## [Exercise requirements]
Every line of the listing below must be printed again exactly, apart from its pictures.

## [Data block]

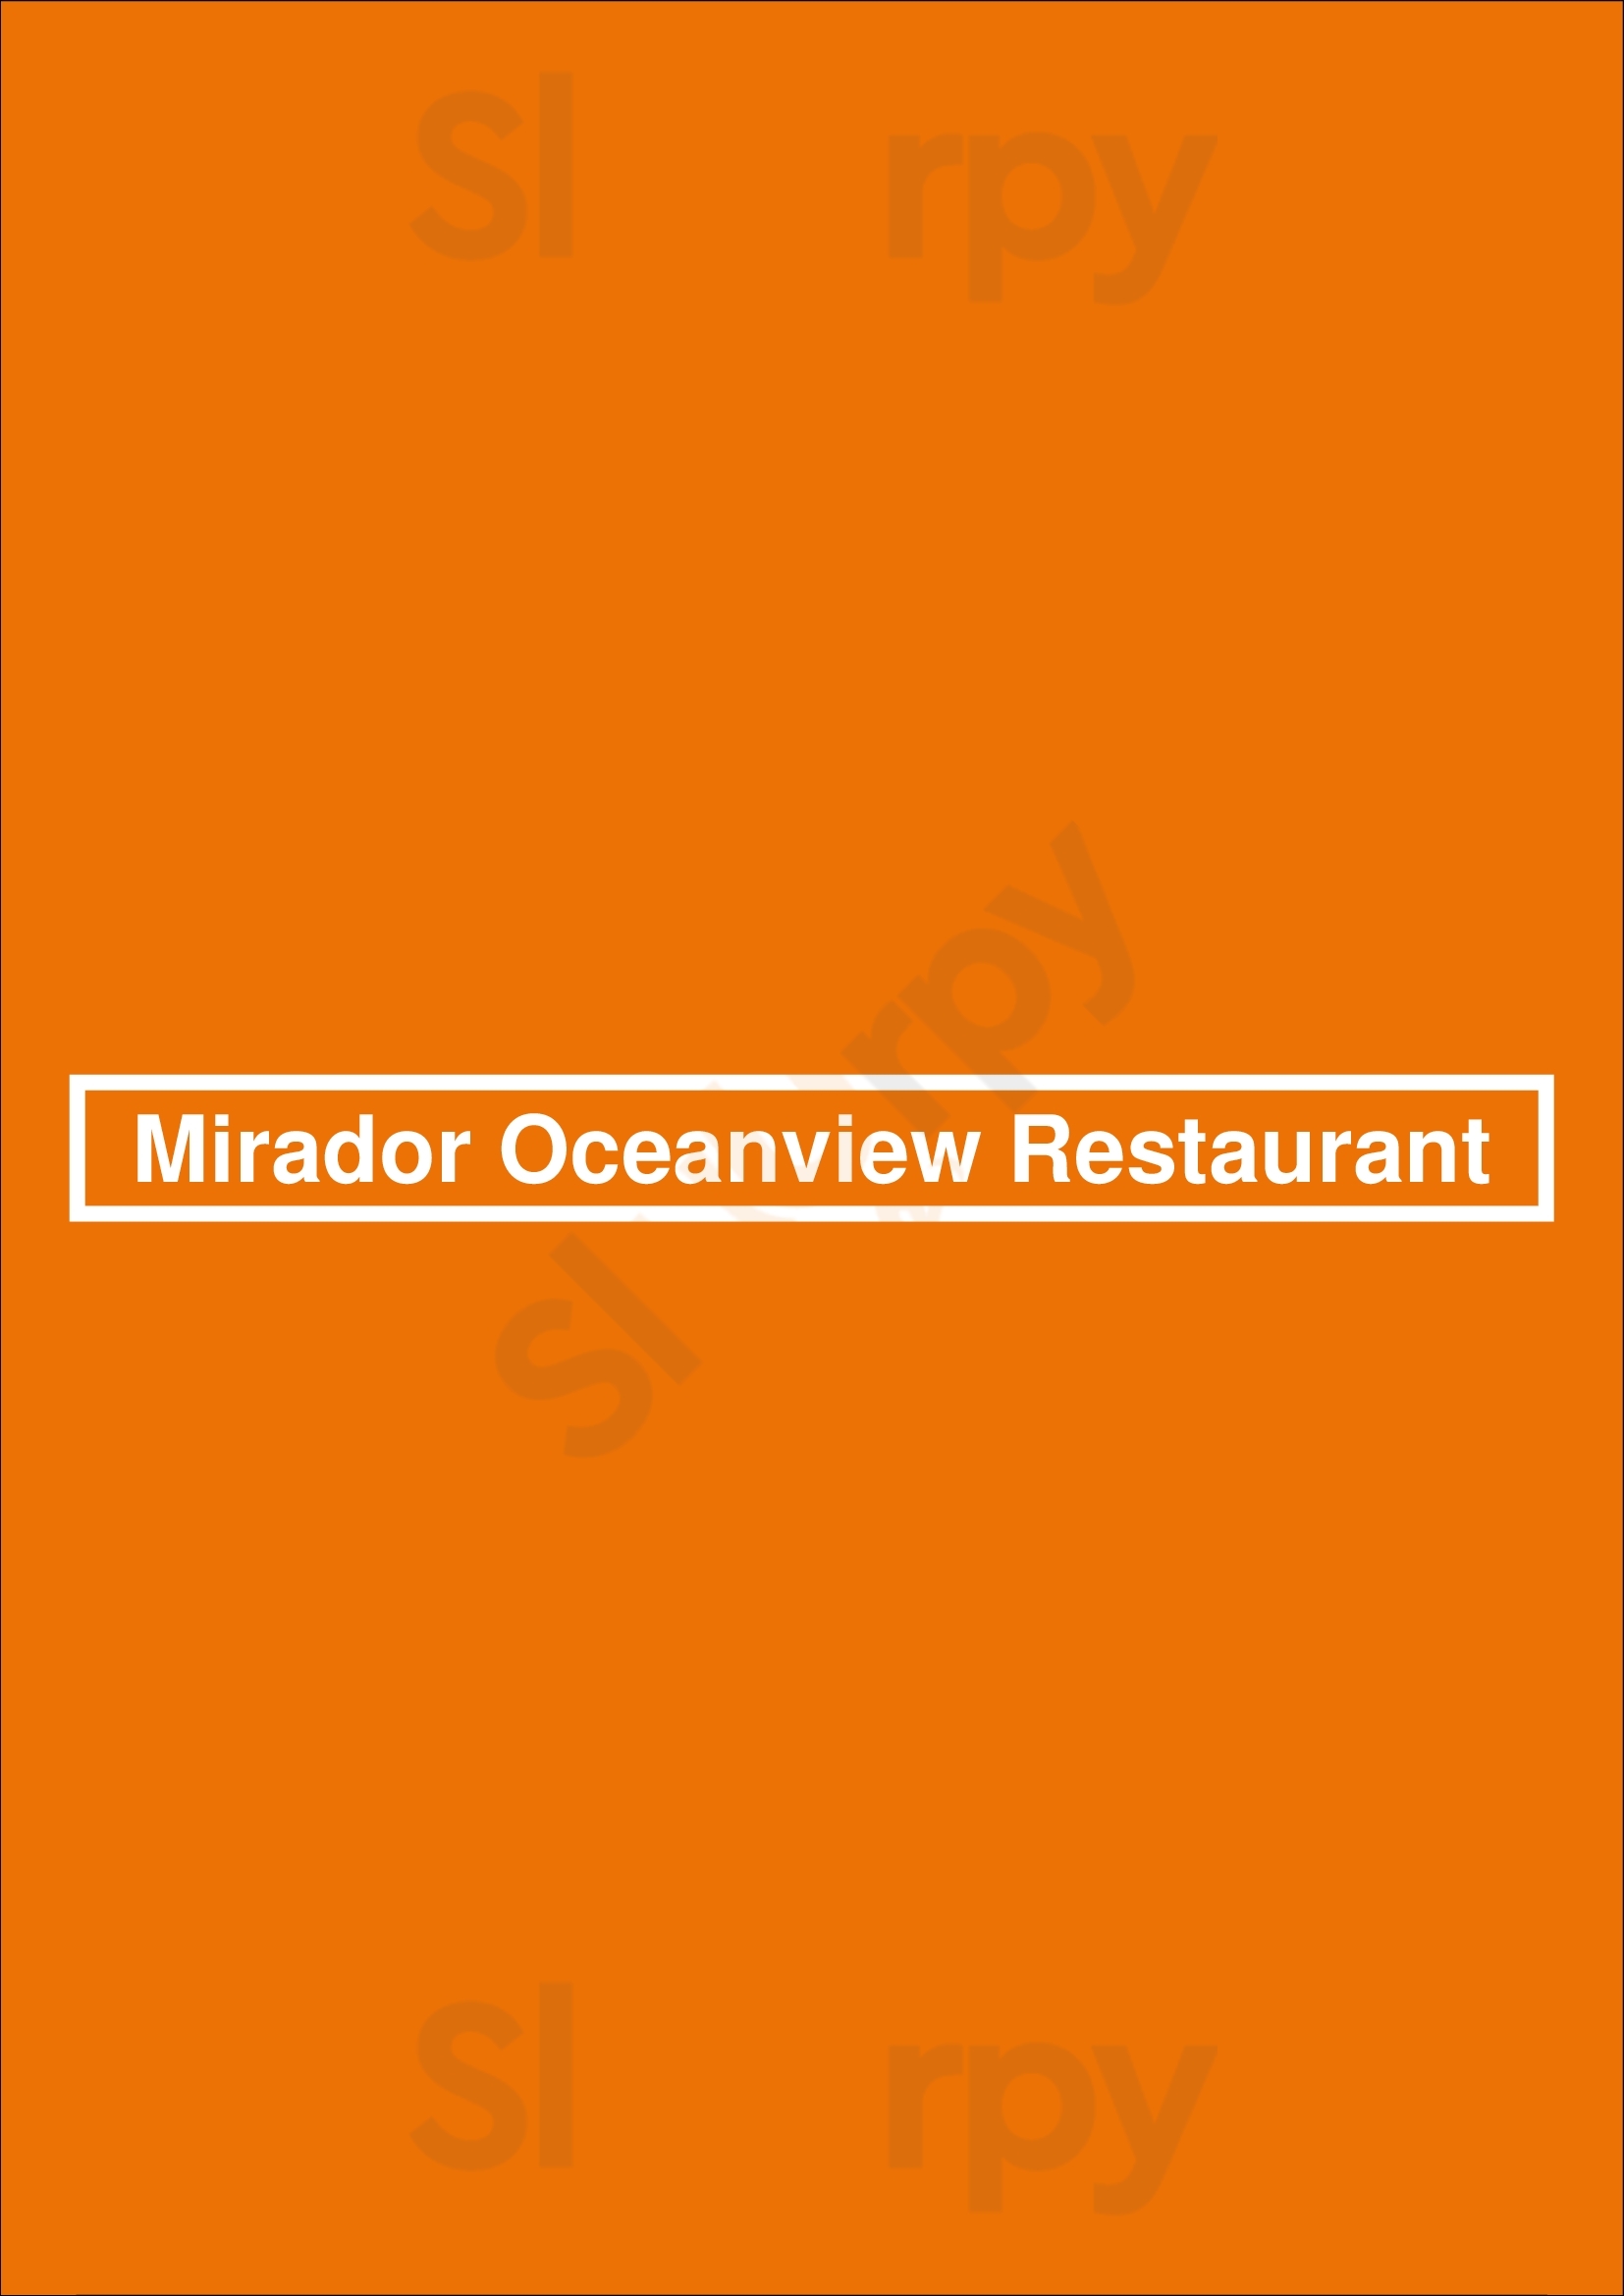 Mirador Oceanview Restaurant Parque Nacional Manuel Antonio Menu - 1
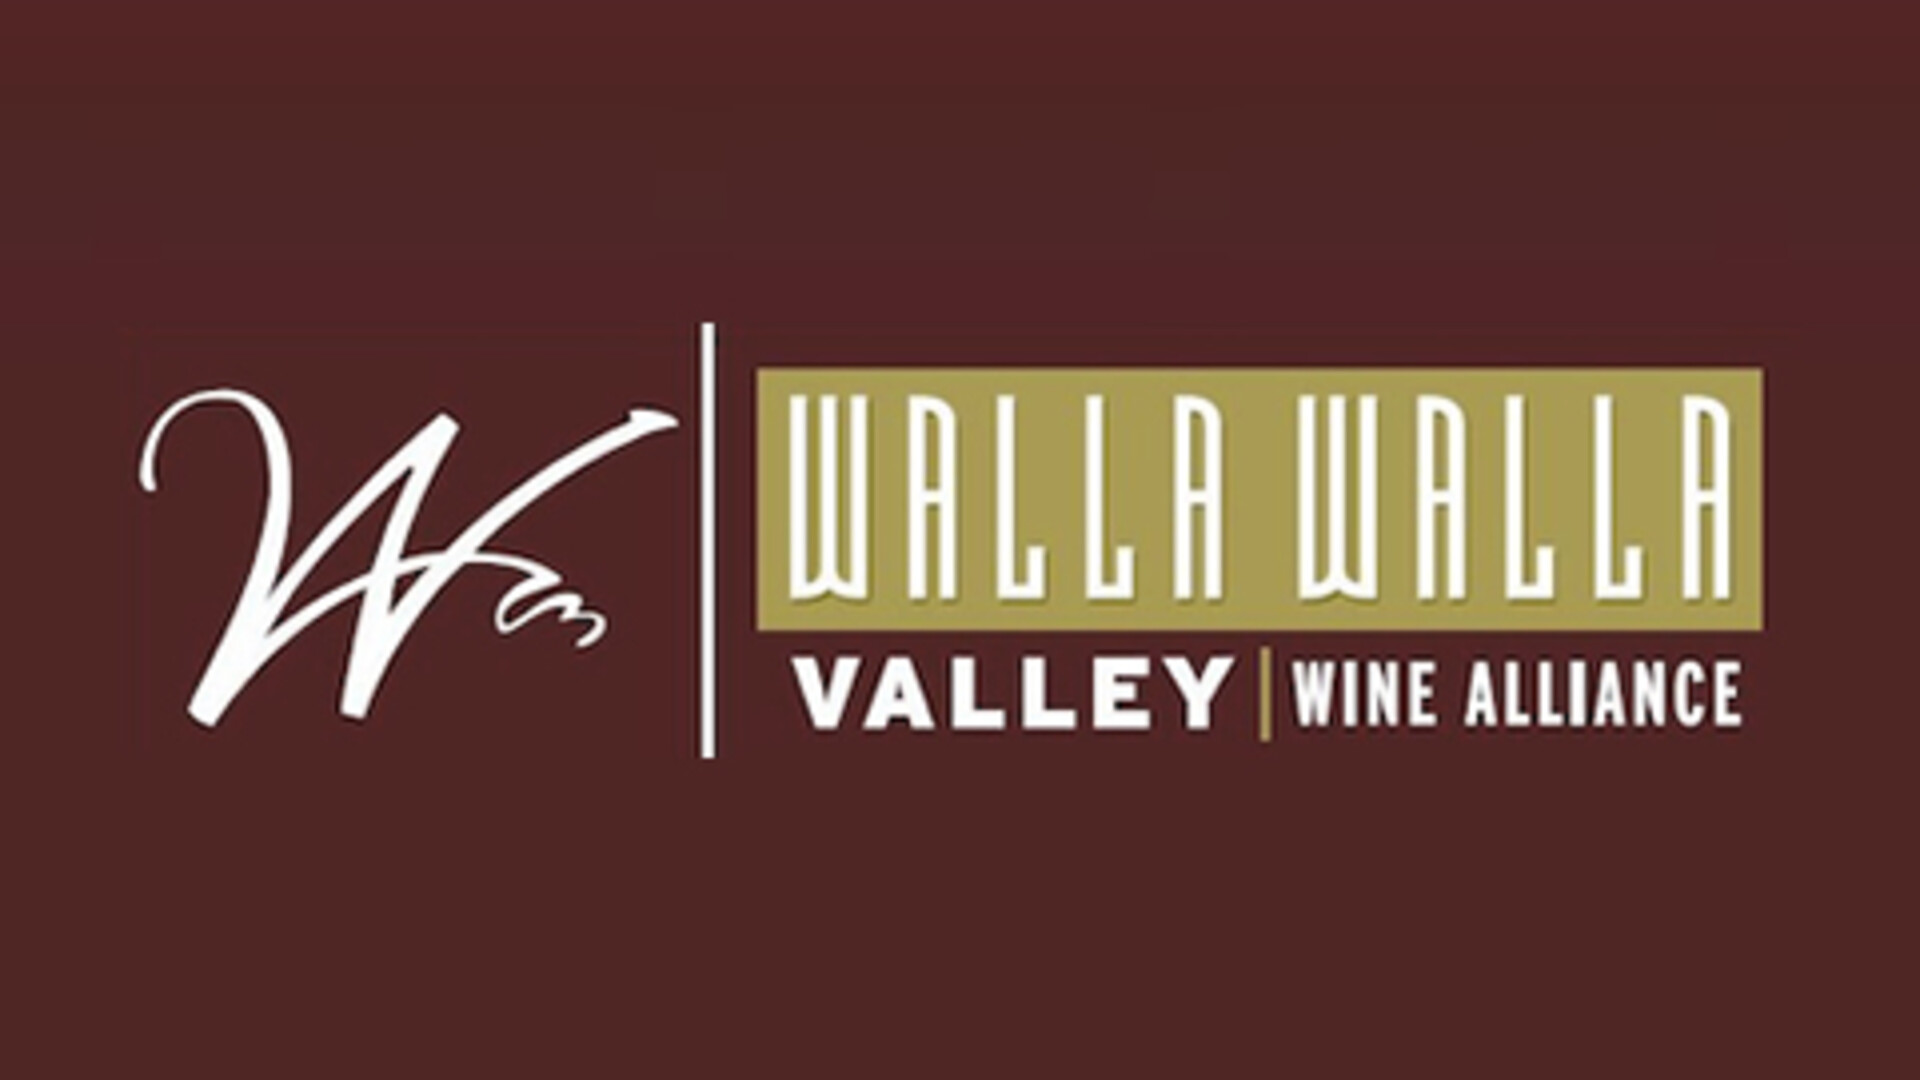 Walla Walla Top Wine Region Pt 1
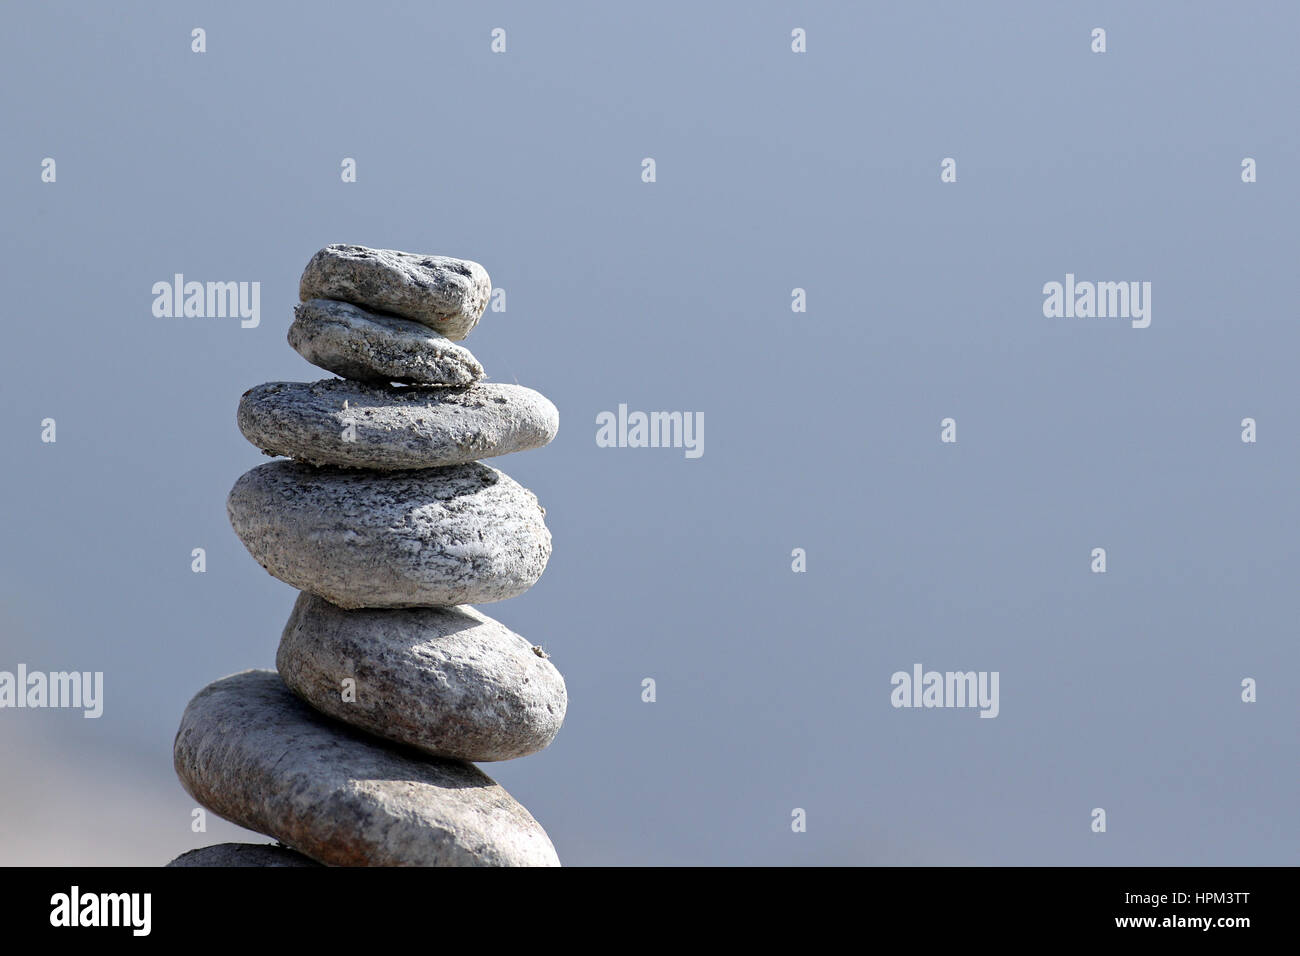 Columna de mano piedras zen de granito apilados contra el fondo azul del agua Foto de stock

## [Task result]
 Mirador Oceanview Restaurant Parque Nacional Manuel Antonio Menu - 1
 Walla Walla Top Wine Region Pt 1
 Columna de mano piedras zen de granito apilados contra el fondo azul del agua Foto de stock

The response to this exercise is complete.